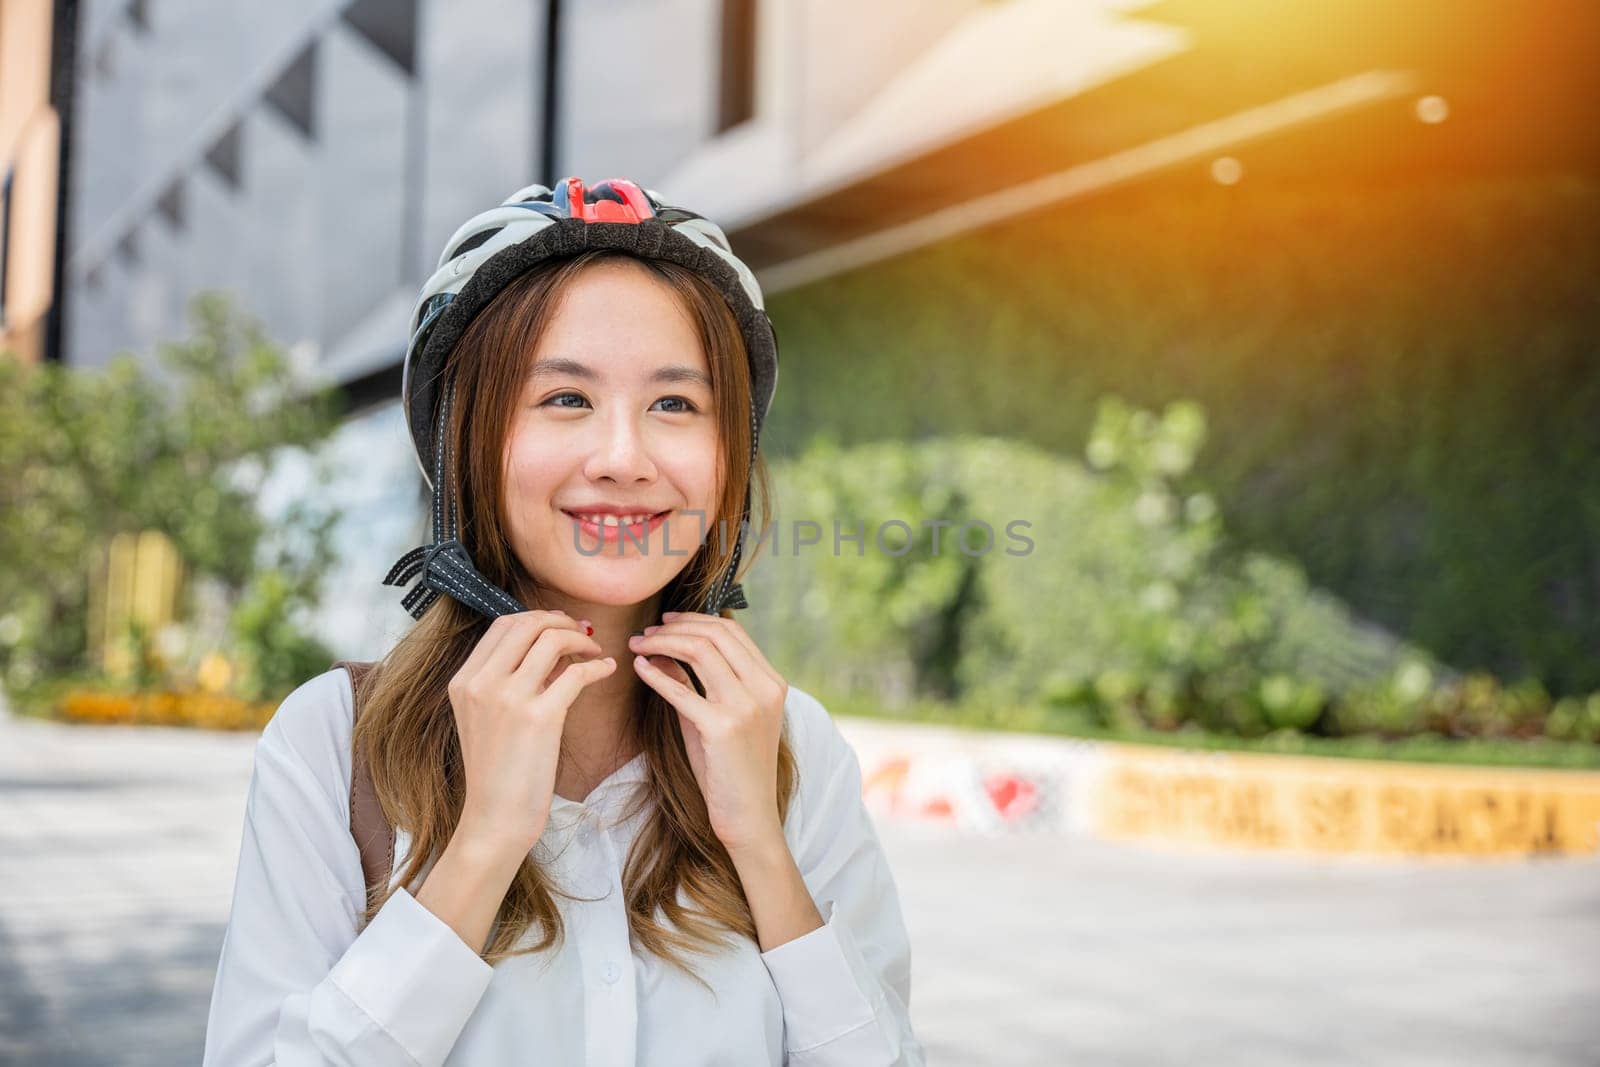 businesswoman putting biking helmet prepared cyclists go to work by Sorapop
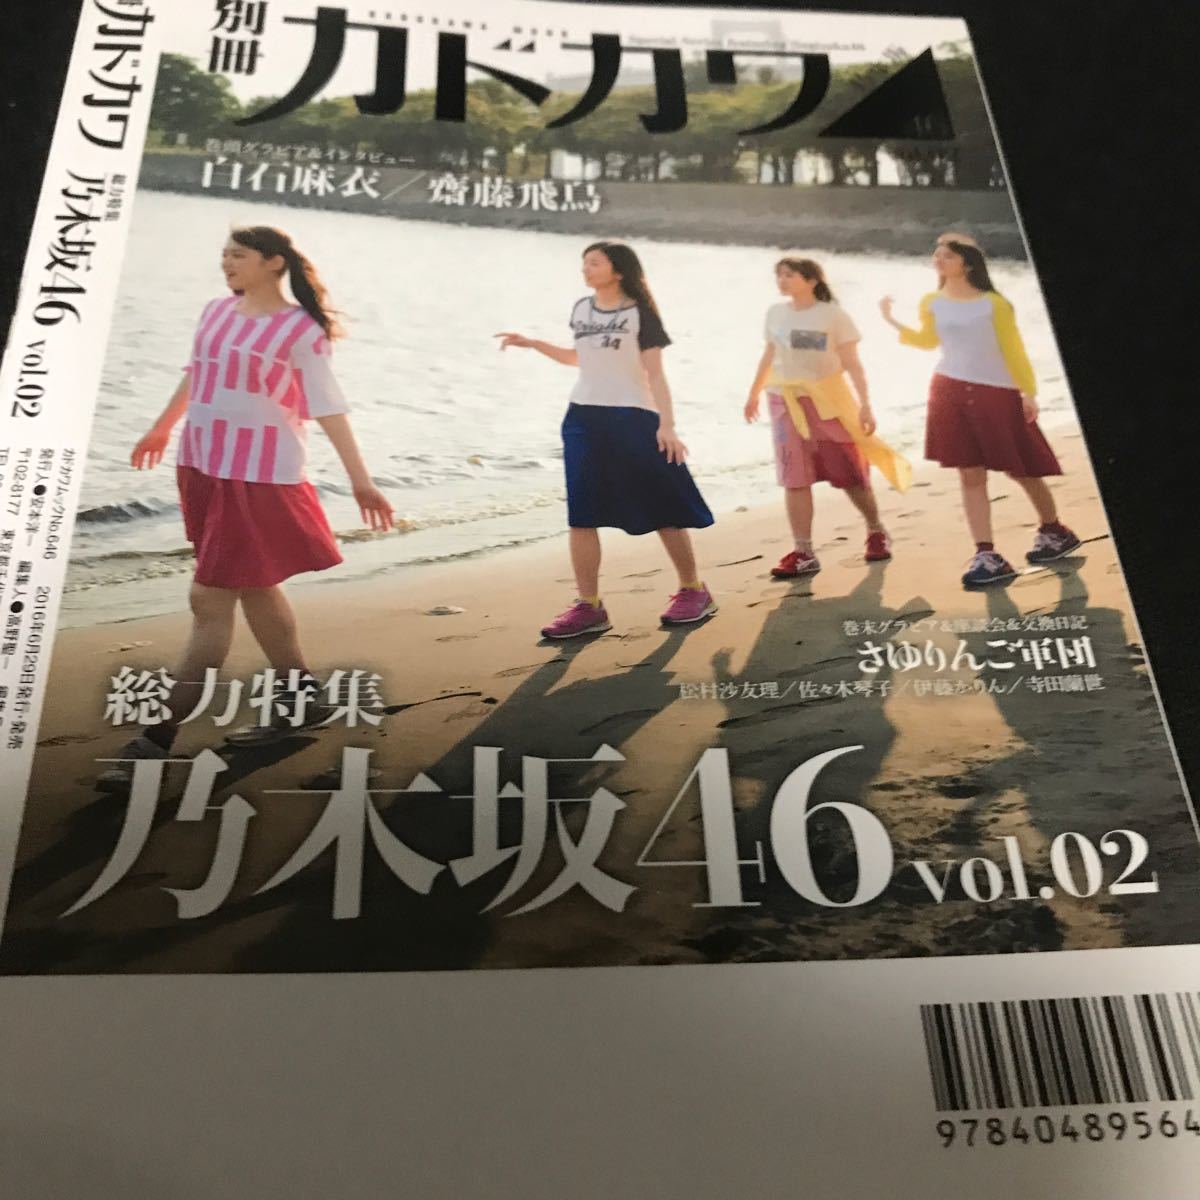 別冊カドカワ総力特集乃木坂46 vol.02
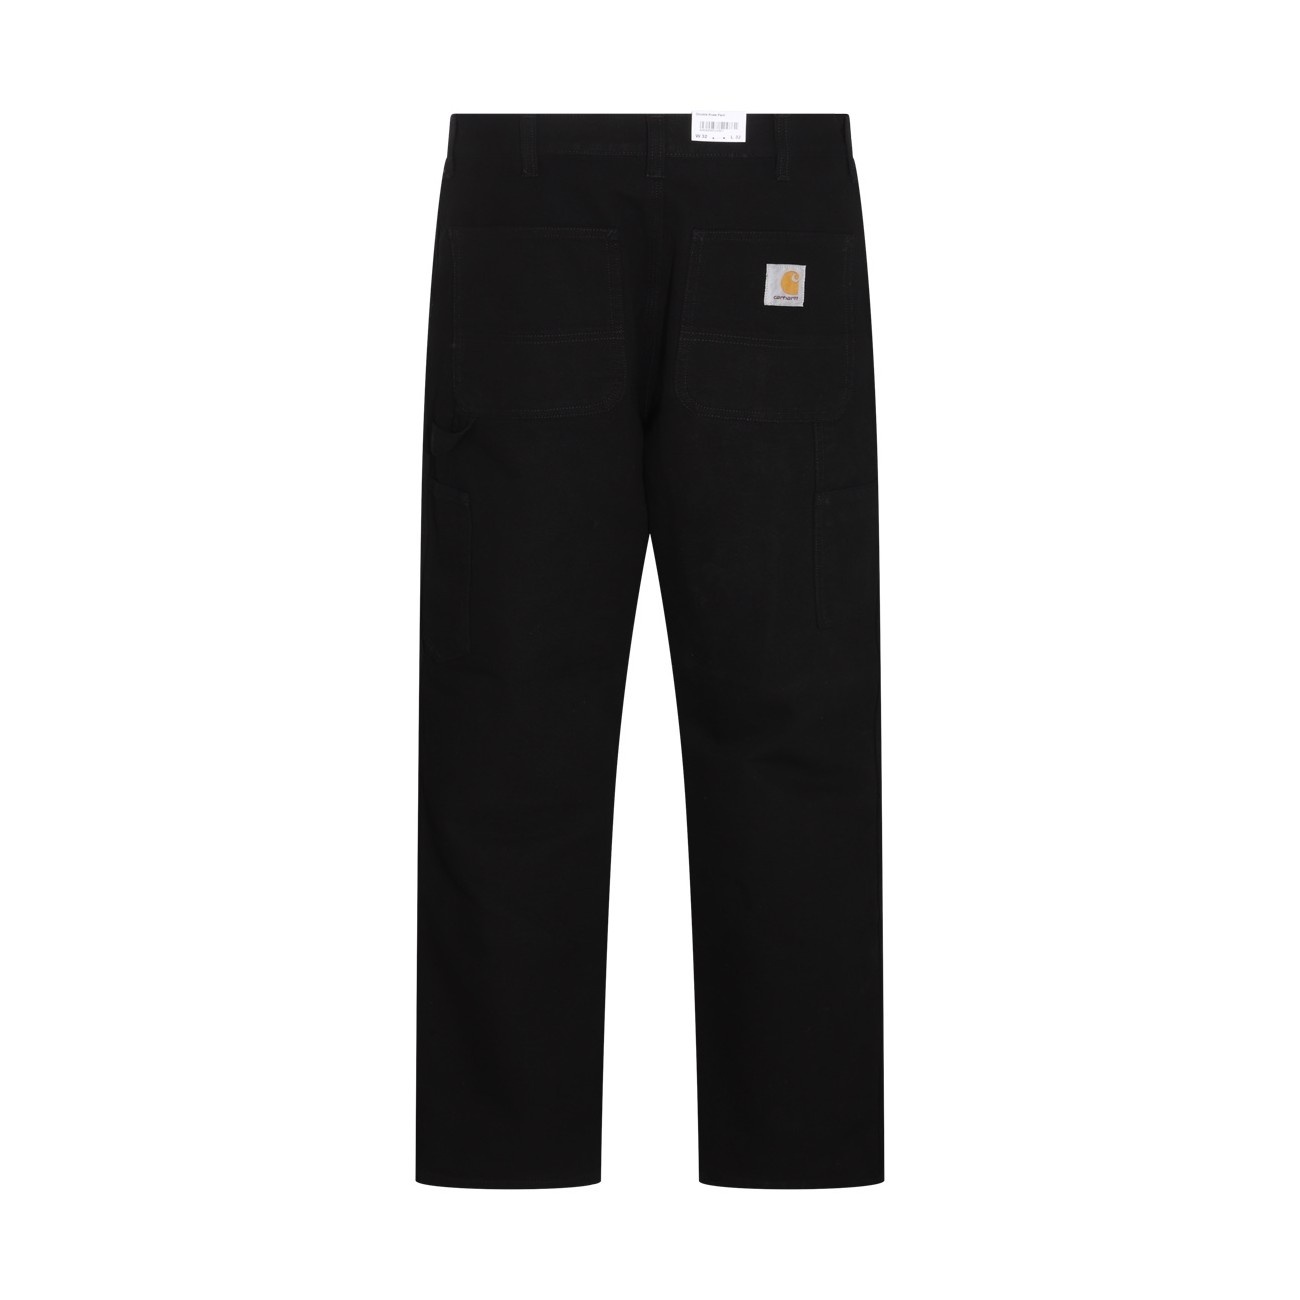 black cotton pants - 2
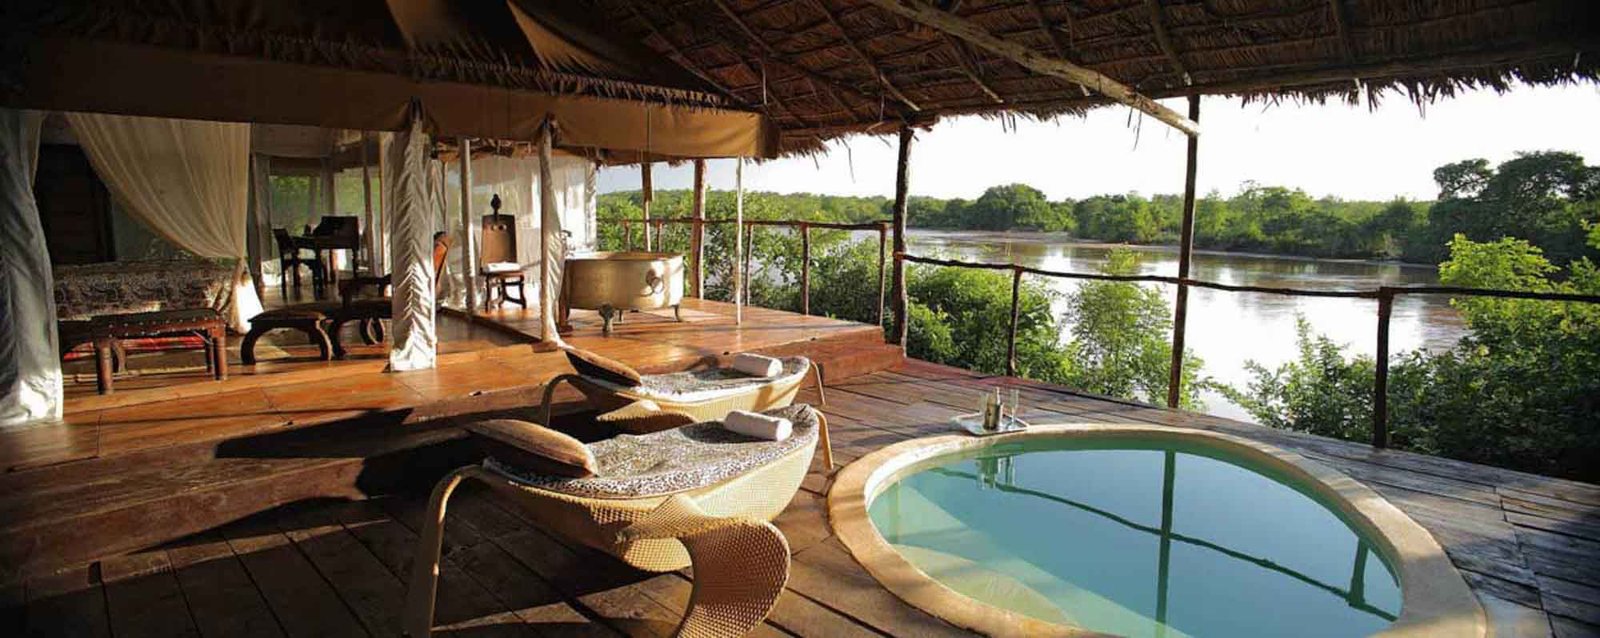 Hotel lujo Serengeti - Agencia de viajes Africaatumedida

^^^^^^^^^^^^^^^^

▶ Task to carry out: Print the complete listing exactly as it stands, without its pictures.

▶ Exercise response:
 businesswoman putting biking helmet prepared cyclists go to work by Sorapop
 別冊カドカワ総力特集乃木坂46 vol.02
 black cotton pants - 2
 Hotel lujo Serengeti - Agencia de viajes Africaatumedida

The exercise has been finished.